When we onboard new or refresh seasoned resources with the Clientek secret sauce we occasionally observe what could be considered as resistance. Rarely is it actual resistance but rather an indication of a lack of transparency, openness, or honesty on our part. Our default approach to resolving this gap relies on our knowledge that people want and desire to excel. Therefore, the responsibility of this thought-provoking experience is that of those leading the communication. It is our responsibility to reflect and refine on the delivery, process, and the content itself to ensure the bridging of this enlightenment gap.
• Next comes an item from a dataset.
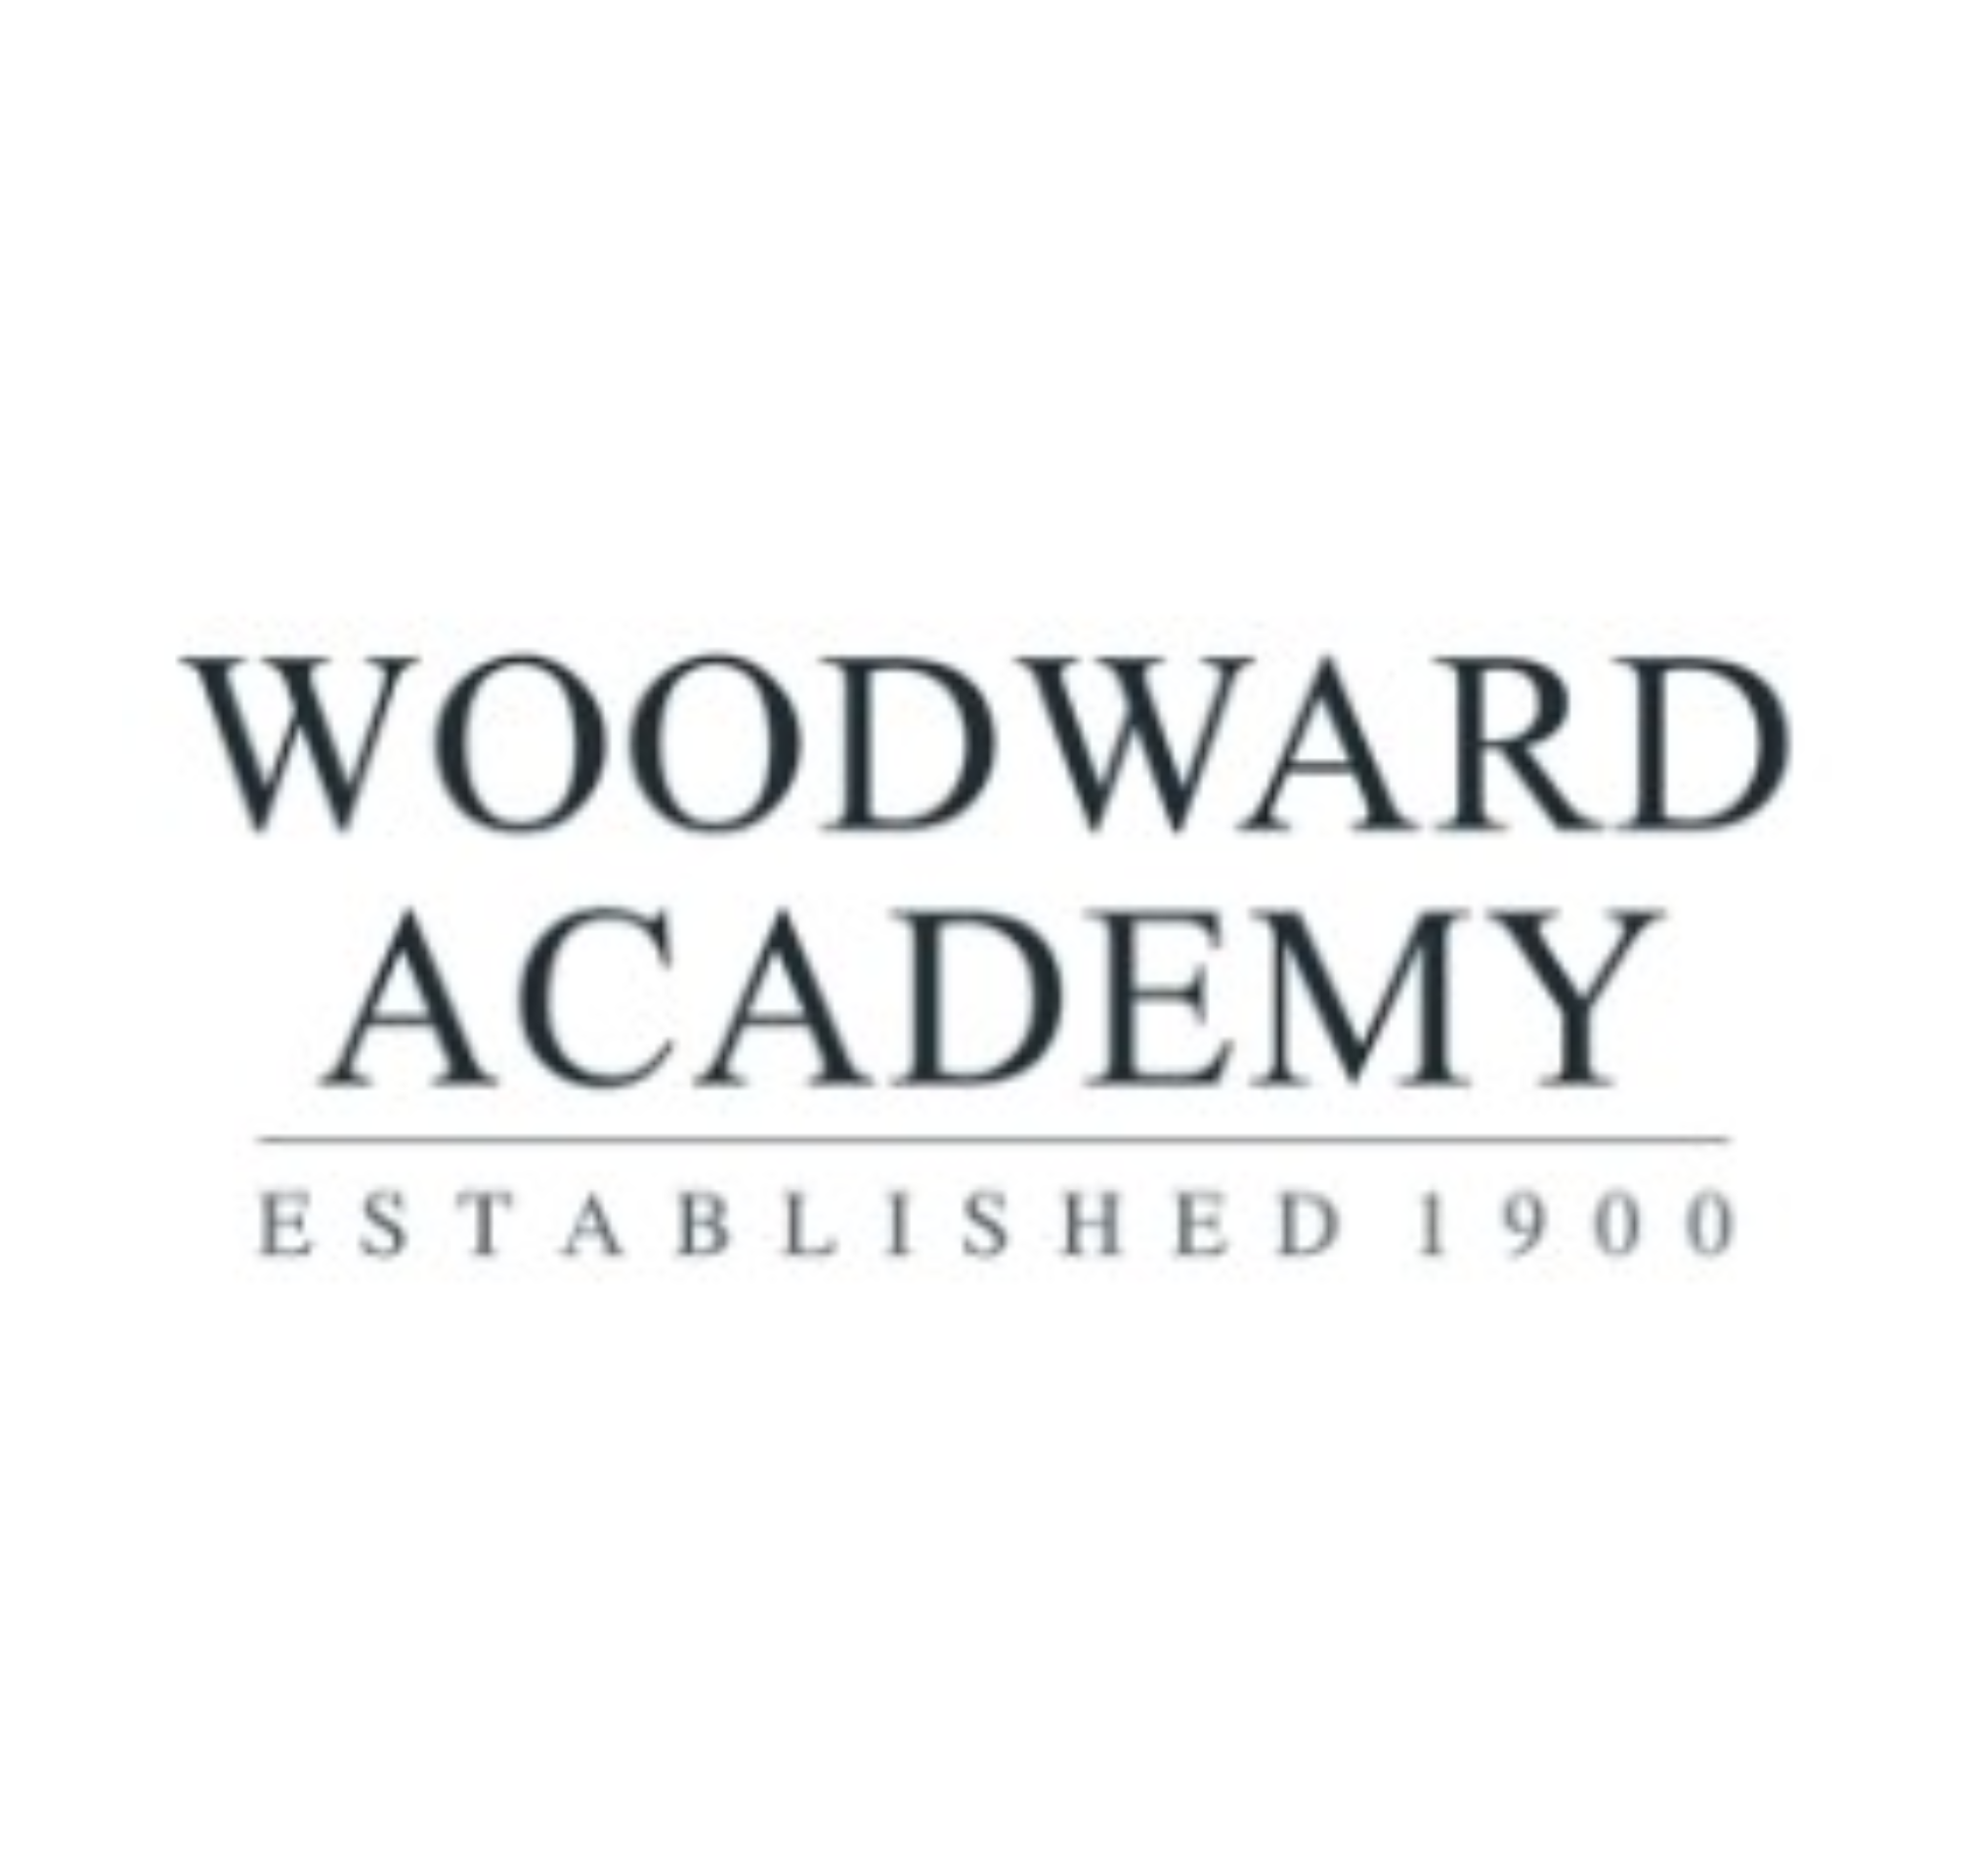 Woodward Academy Logo

This responsibility for clarity and enlightenment is important whether we are training new resources on our process, communicating with our internal teams, or conversing with a customer to gain a common understanding. The information and process being discussed must be mutually understood.

It is not good enough to communicate something and expect that those consuming the information understood it. It is also not realistic to expect that just because someone says they understand something that they understand it in the way you intended.

Anyone that delivers information or knowledge must also be capable of consuming it. Delivery and consumption must be done with the same passion of curiosity and patience in understanding.

Curiosity

When we deliver information, we must consider how it will be received. By considering our audience’s history, culture, personality, etc., we can tailor both the content and its delivery. We must have the same curiosity about our audience as we desire from them when receiving the information. This means we need to ask questions to provoke questions.

Regular evaluation of someone’s outputs while they are underway provides us the opportunity to hone our communications. We gain insights on how our communication was received and where the delivered information or approach may need adjustment. This process of inquisitiveness teaches the person receiving the information to have the same curiosity.

Patience

It would be an absurd for anyone to assume that people make mistakes on purpose or set out to disappoint or underachieve. Without mistakes individuals don’t grow and the reality is there would be no problems to solve if mistakes were never made. Our goal is to help people learn quickly. This means we need to have patience and allow people to make mistakes, including ourselves. As noted above, iterative inspection allows us to mitigate the impact of mistakes and sets both parties on the quickest learning path.

Enlightenment

So, when is enlightenment achieved? Fully, never. Once we can come to terms with that fact, we have entered enlightenment. Sprinkle in a little bit of humility, a touch of passion and intelligence (and the taste of the month), and you have the secret to Clientek’s secret sauce.